By Douglas Bankston
The Ugrip kit is like the Erector Set of camera support, almost infinitely configurable. It accommodates 1/4" and 3/8" camera mounts, and most of those base plate holes are threaded for 3/8". Anything with a 3/8" screw can be attached, allowing you to build up the rig in whatever fashion.
Sliding plates mount to the wings of the base. To those attach the handgrips. Once a comfortable configuration is found, the hex screws on the sliding plates can be torqued tight. Built-in rubber gaskets prevent plate shifting. The handgrips can be tilted for wrist comfort and then locked into place with a twist of a ring at the base of the grip. For my Canon HV30 (hence the “C” model), I staggered the handgrips: the left positioned slightly toward the front and pitched forward with the right positioned toward the rear. If I wanted to switch to sticks, all I had to do was mount the tripod’s base plate to the Ugrip and leave it.

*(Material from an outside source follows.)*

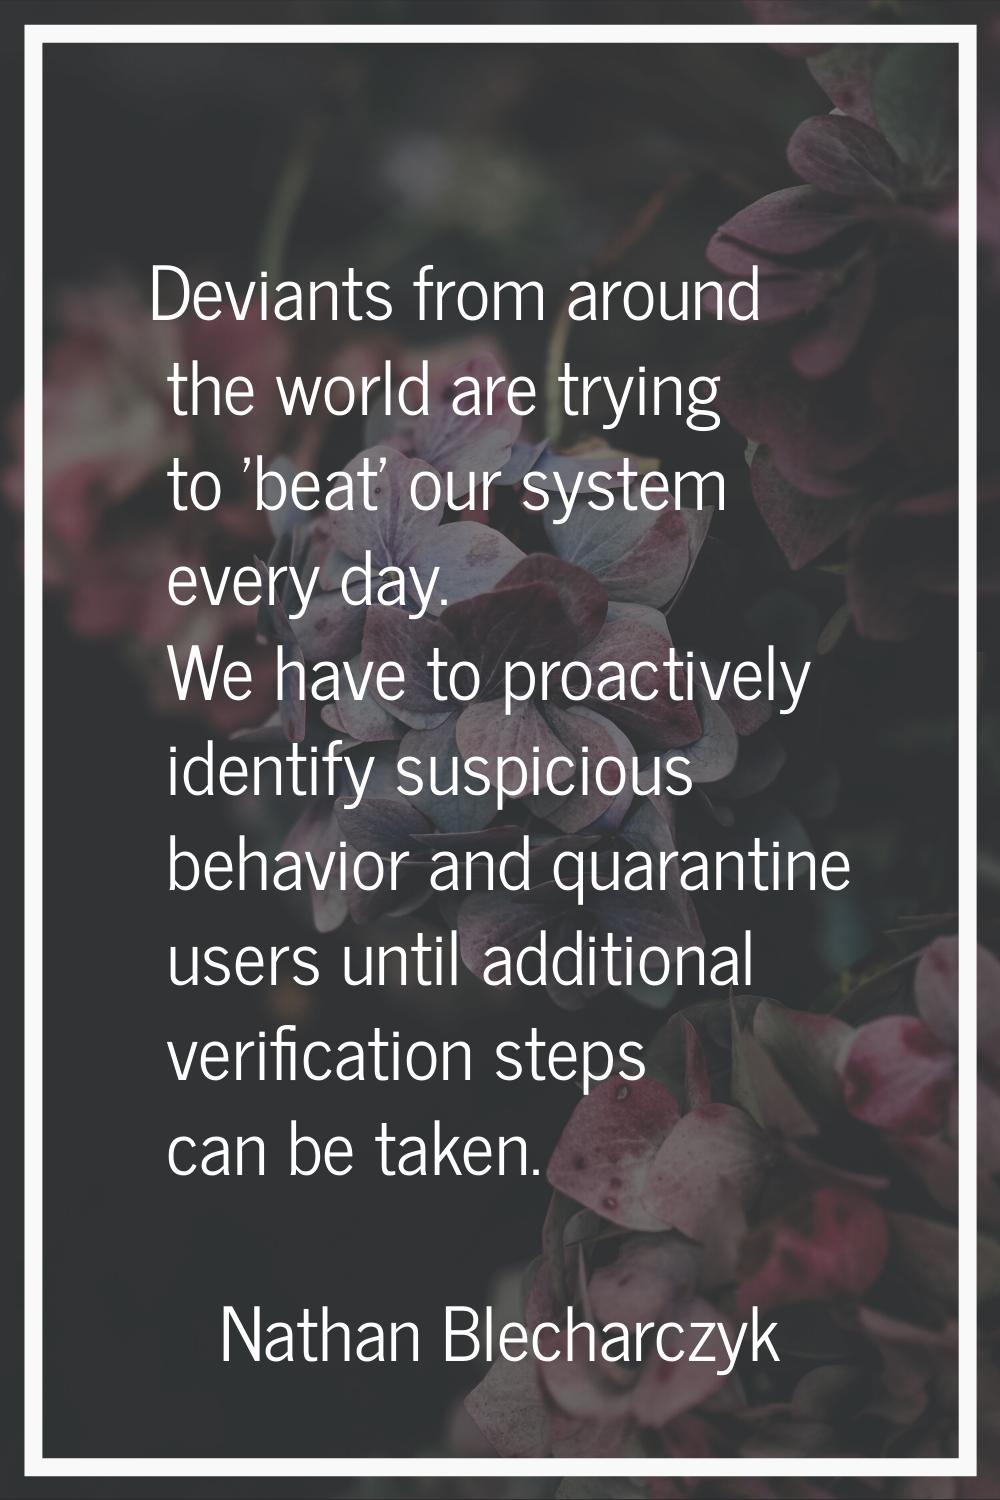 Deviants from around the world are trying to 'beat' our system every day. We have to proactively id
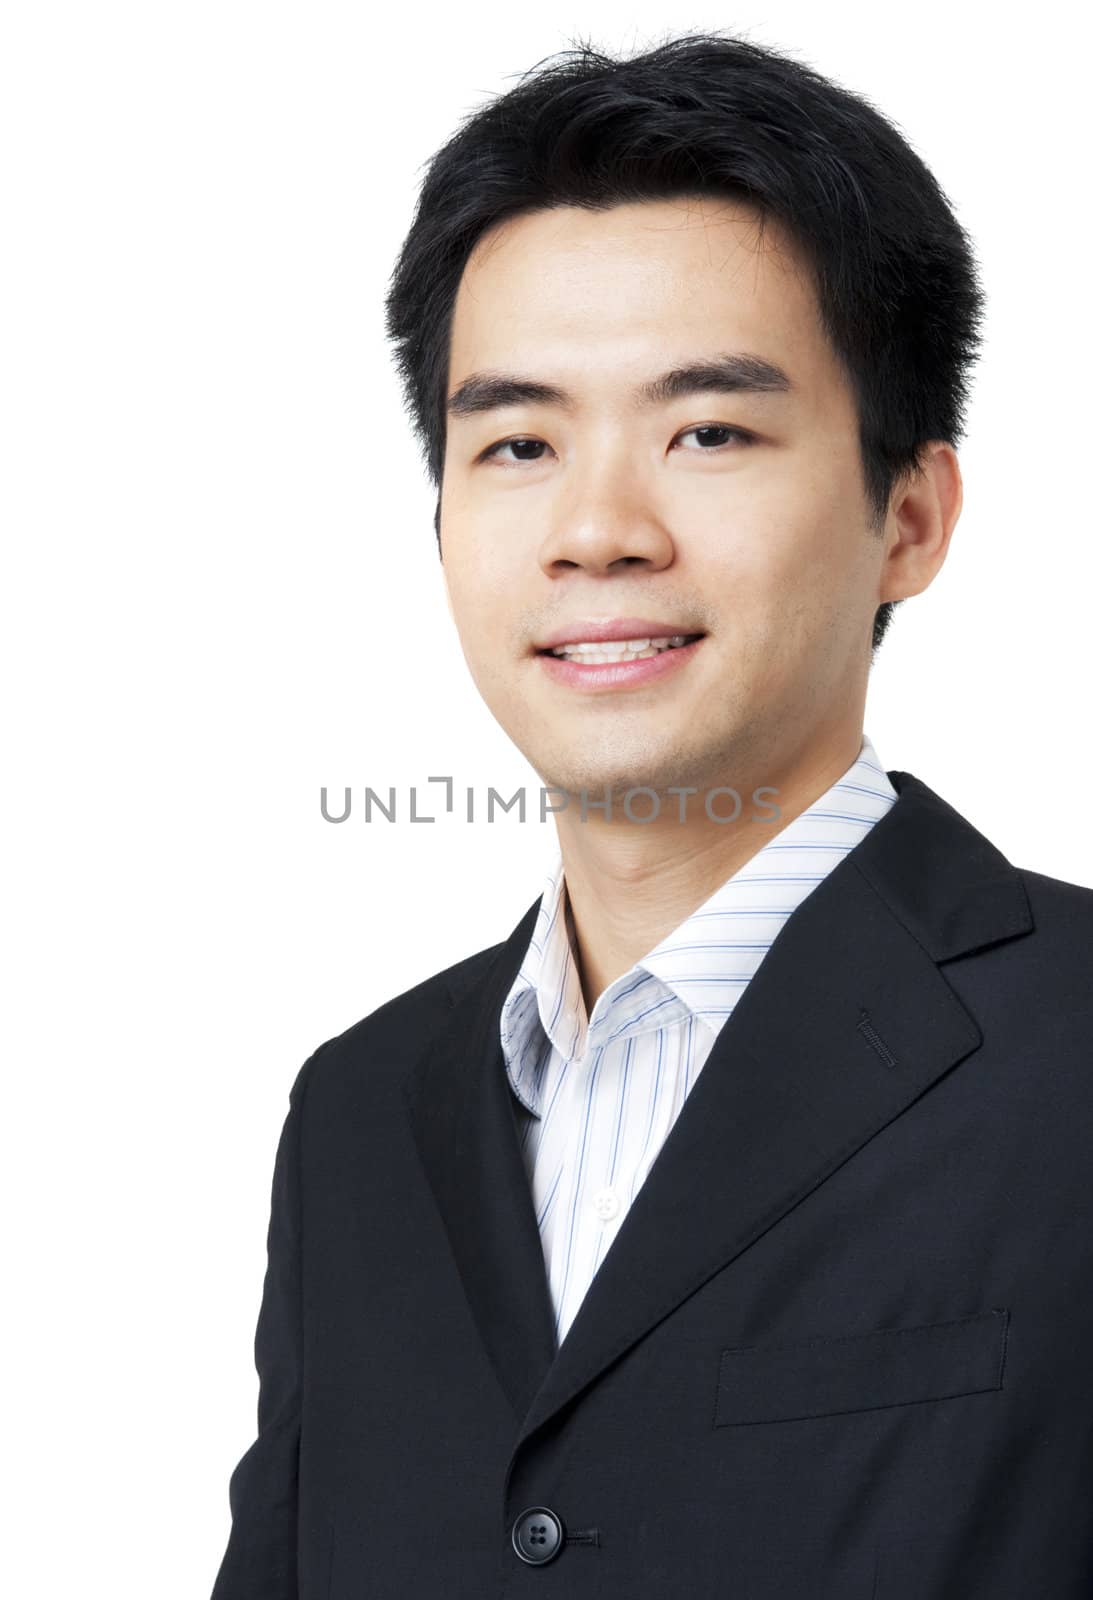 Portrait of young Asian executive in black suit

Ugrip’s greatest benefit is that it provides a wider camera footprint, allowing you to effectively pull your elbows away from the body. This helps your arms to isolate the camera from a lot of up-and-down motion from walking, running and breathing. It’s not a substitute for gyrostabilized support, but with some practice, handheld shooting can be smoothed out.
Extra plates, Bebob zoom/focus controls, bridge adapters and fastening boxes are available. The fastening boxes hold mike preamps, hard drives and other devices with spring-loaded clamps. At $1,129, the Diamond “C” kit cost more than my HV30, which I have a hard time justifying, but I can’t argue with the steadier footage it helped produce.